Why are there interactions involving non-coding genes?


We use a sophisticated pipeline to map our ORFs, using their nucleotide and protein sequences, to gene and transcript models from GENCODE. GENCODE provides the most up-to-date annotation of the human genome and all genes identified therein. Based on current knowledge, GENCODE annotates genes into different categories, such as protein-coding and non-coding. The majority of the ORFs used in our screening efforts have originally been obtained from a cDNA library generated from a transcriptome from a given sample, and represent transcripts of genes with a start and stop codon that therefore have the potential to be translated into a protein sequence. PPIs identified for an ORF from a non-coding gene in the Y2H assay might not be functional because the ORF might not be translated into a functional protein sequence in vivo. However, equally likely is the possibility that our current genome annotation is incomplete and the fact that an ORF in our collection can mediate detectable PPIs, can represent experimental evidence suggesting that the corresponding gene might actually be protein-coding. 


Isn't yeast two-hybrid data full of false positives?

No! Like any other experimental approach, the quality of the data generated is dependent on the careful design of the experiment and rigorous attention to detail in performing the experiments.
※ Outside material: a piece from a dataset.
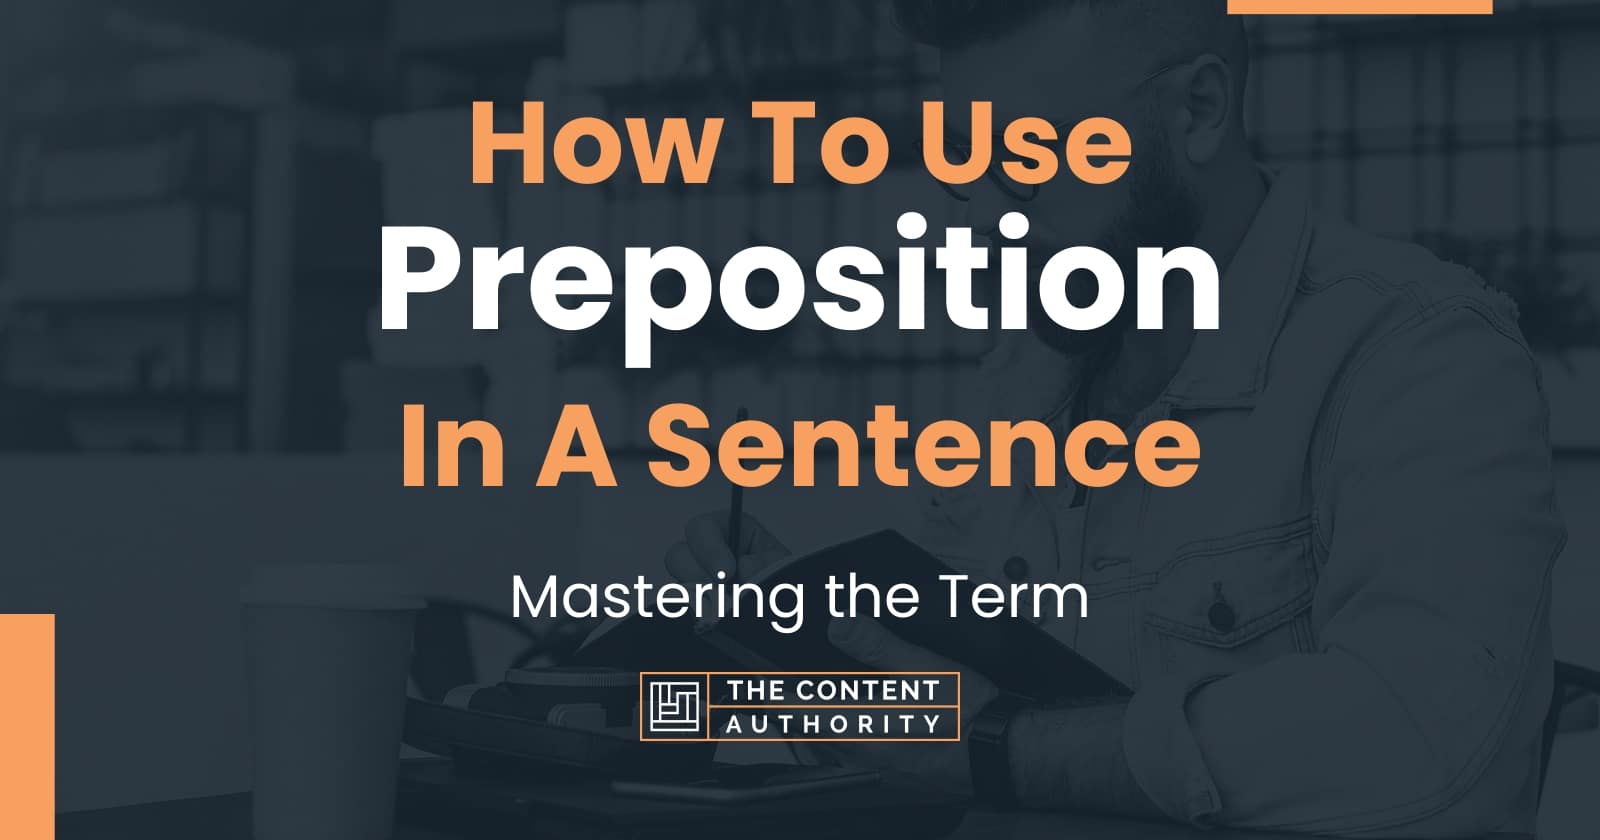 how-to-use-preposition-in-a-sentence-mastering-the-term

We have been developing our binary interaction mapping pipeline for over 15 years and established numerous quality control measures. All of our primary yeast two-hybrid datasets are validated by testing a subset of interactions in at least two orthogonal assays to ensure that the quality of the dataset is equal to, or greater than, a representative sample of interactions selected from the literature (Venkatesan et al Nature Methods 2009, Rolland et al Cell 2014).